Transcribe exactly the lines from the one containing "These Mint Magnolia" through the end of the data, both included. Leave out pictures.

Top of DATA PROVIDED

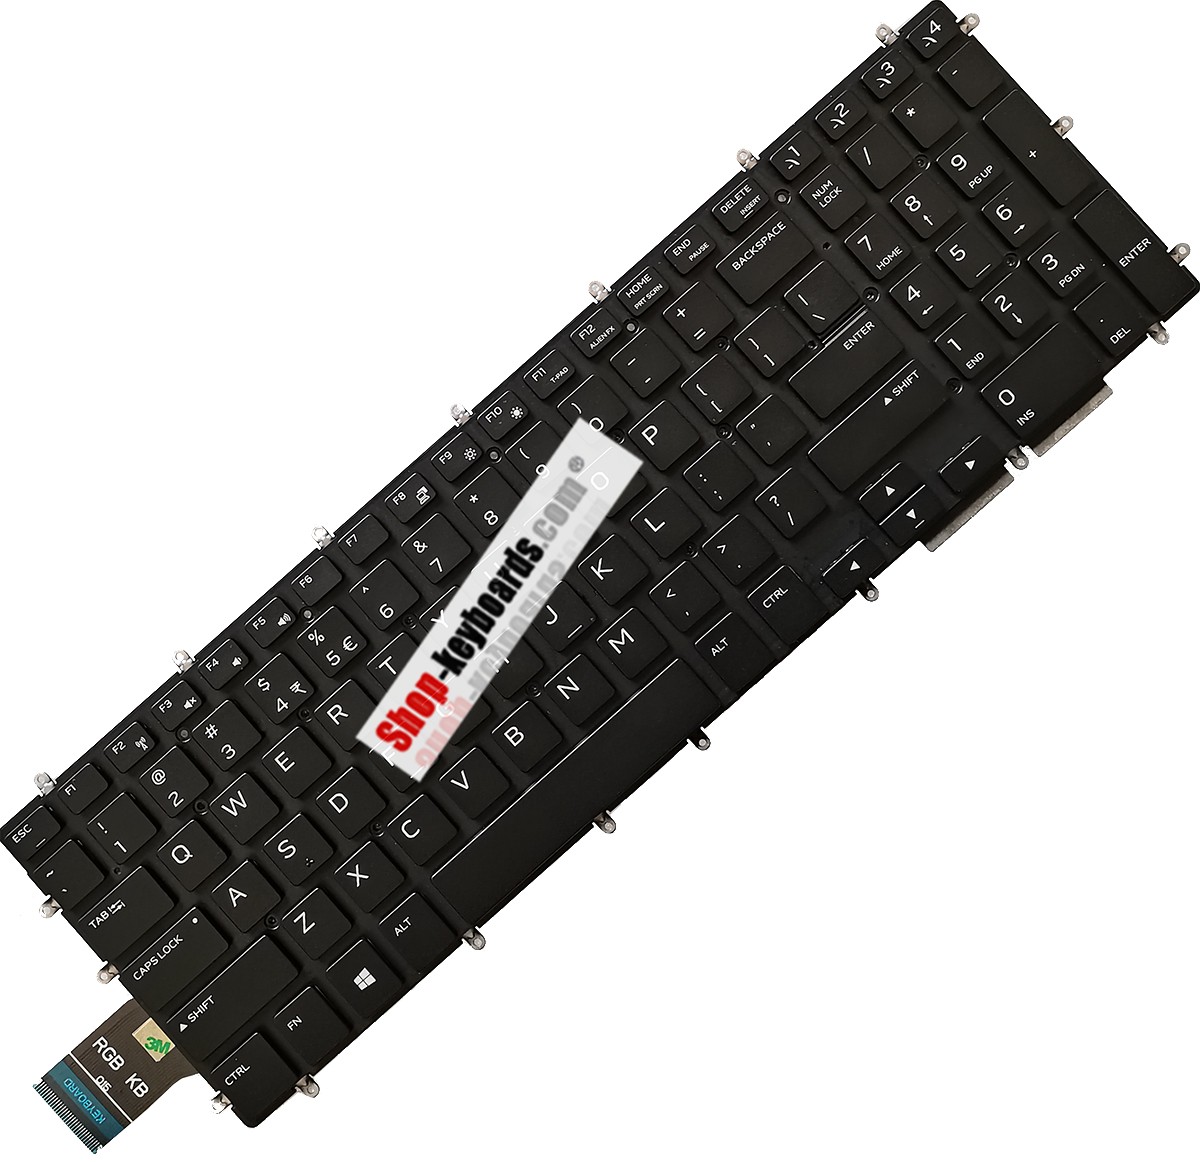 Dell 0KN4-0D1ND12 Keyboard replacement
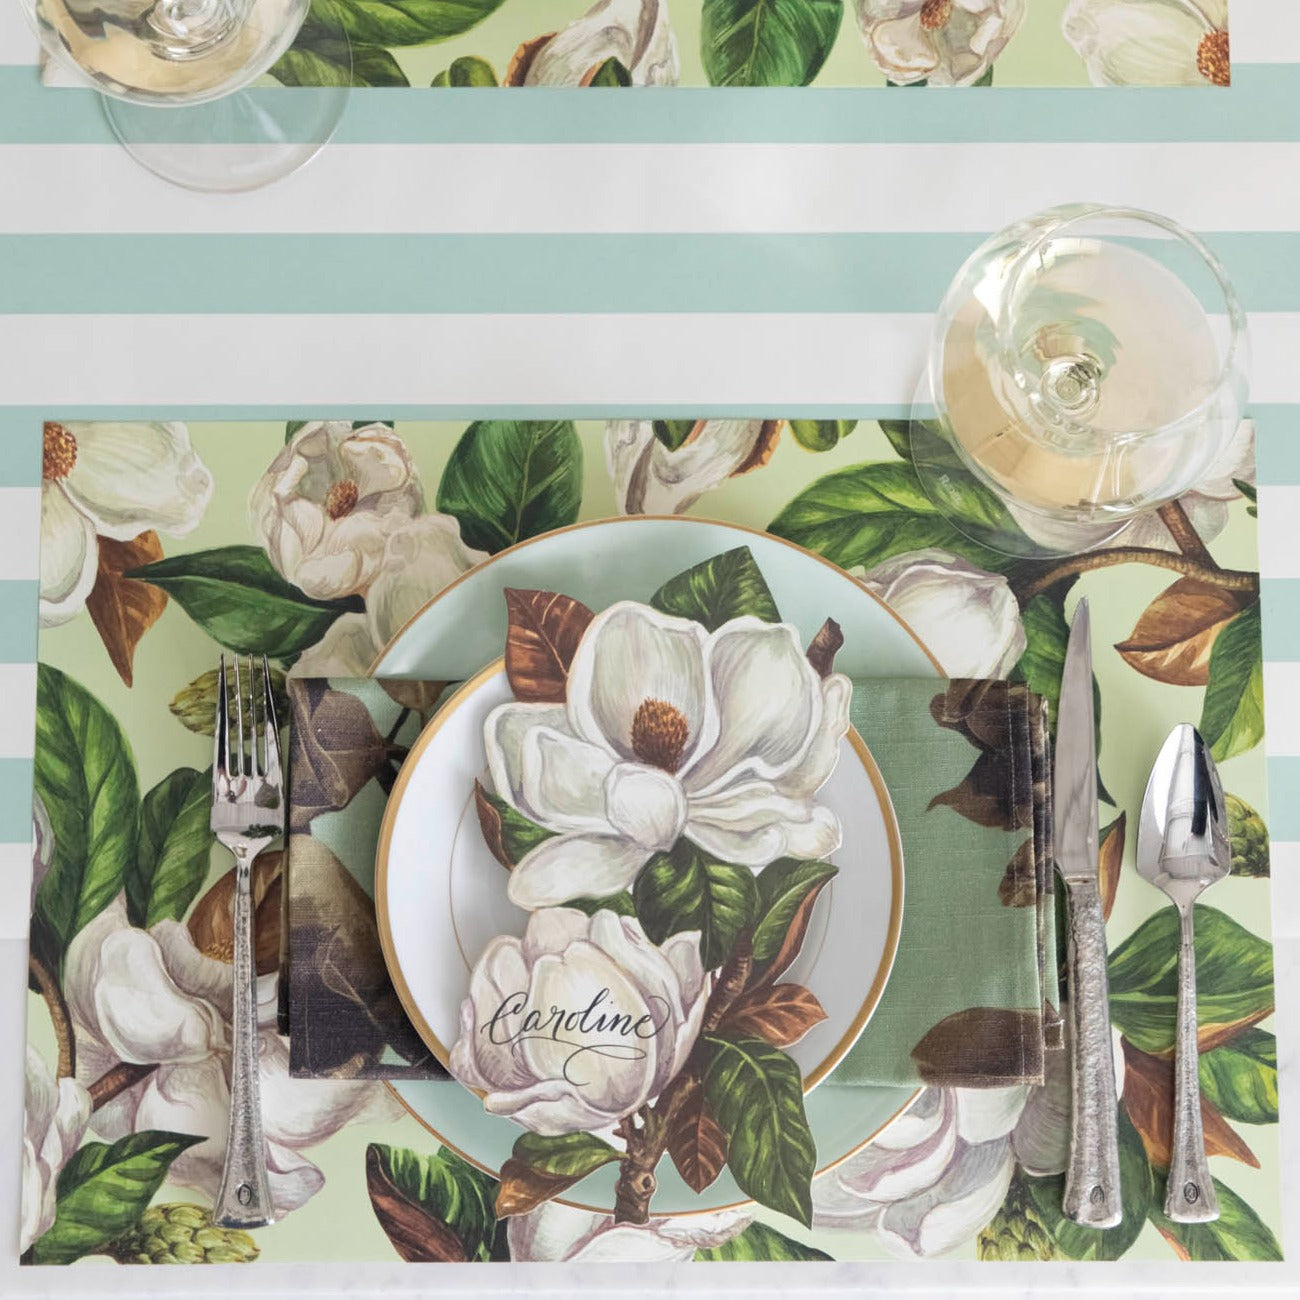 These Mint Magnolia Blooms Placemats by Hester &amp; Cook are a perfect choice to add elegance and charm to any dining experience, whether you&
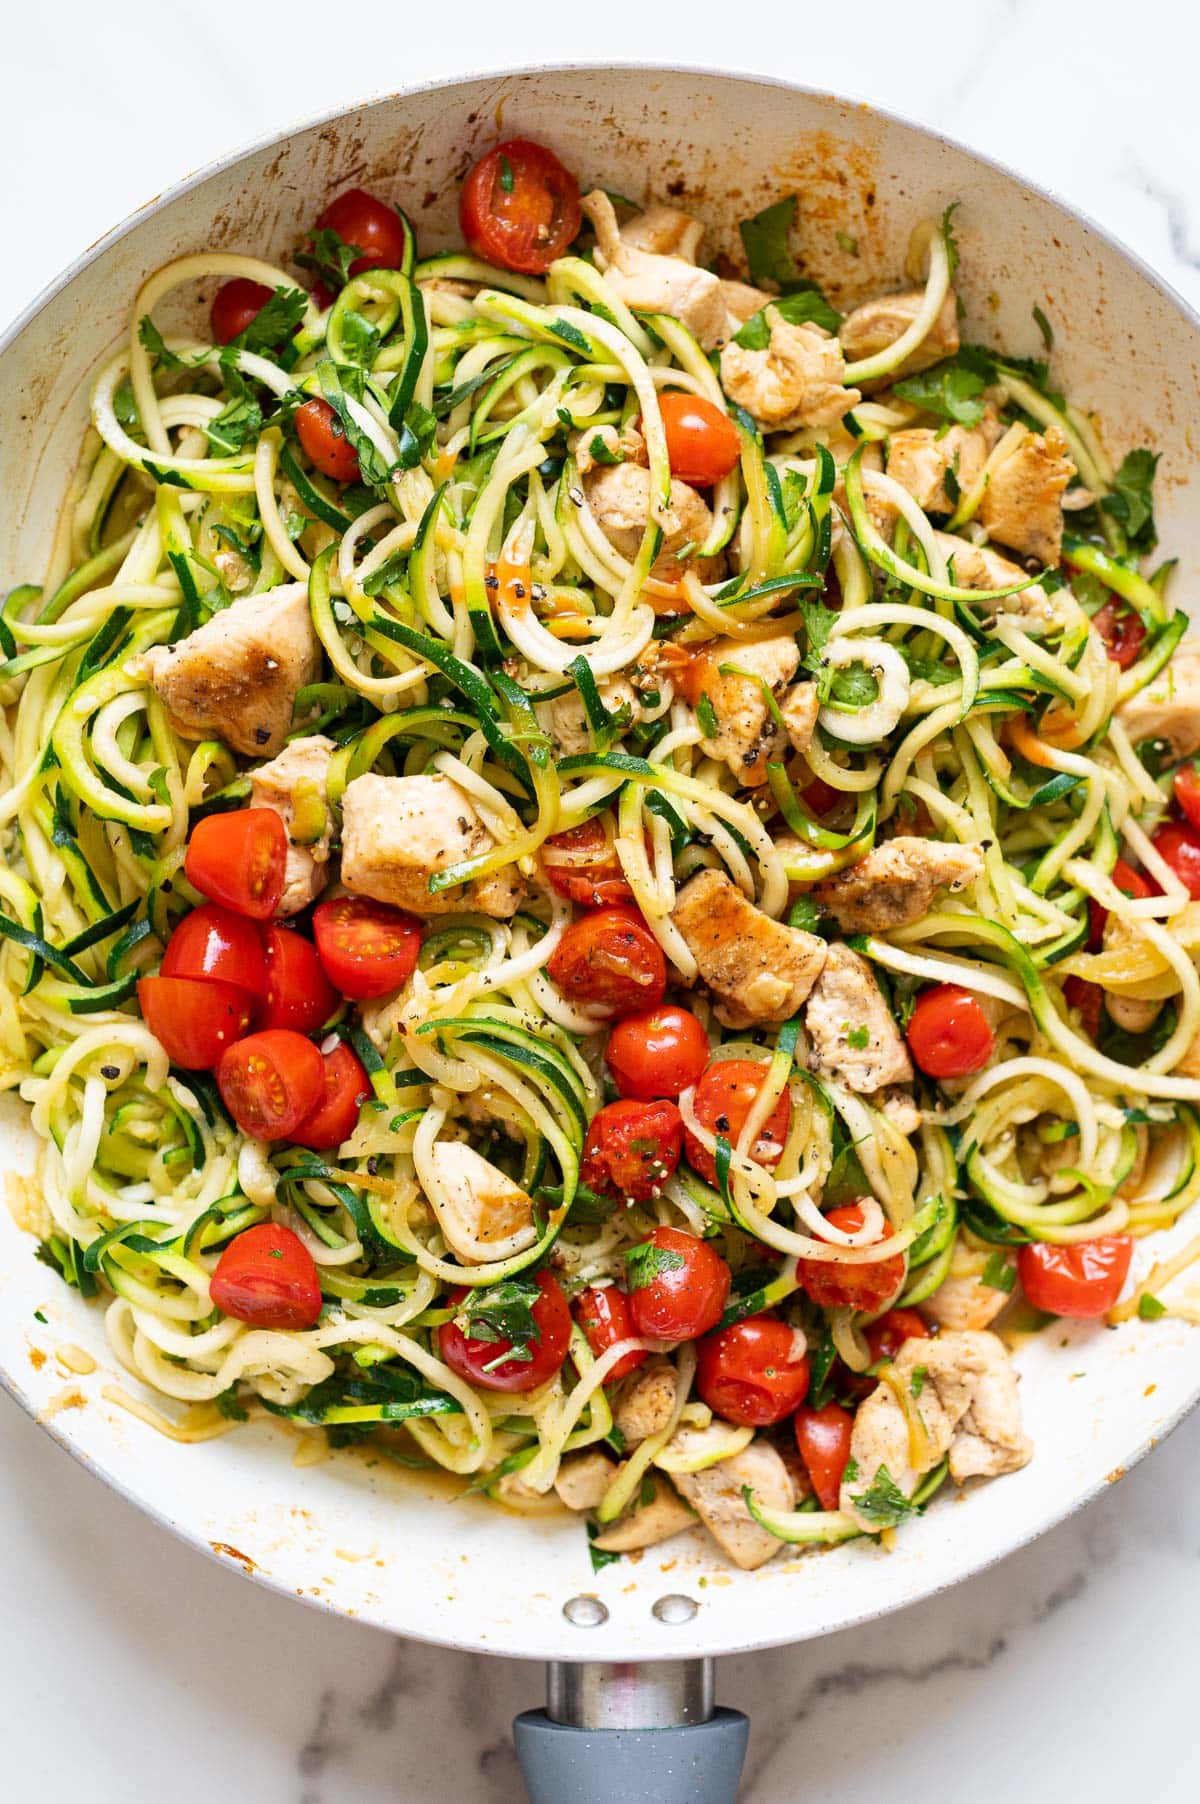 Zucchini noodles with chicken and tomatoes in a skillet.

Bottom of DATA PROVIDED

TASK SOLUTION:
 These Mint Magnolia Blooms Placemats by Hester &amp; Cook are a perfect choice to add elegance and charm to any dining experience, whether you&
 Zucchini noodles with chicken and tomatoes in a skillet.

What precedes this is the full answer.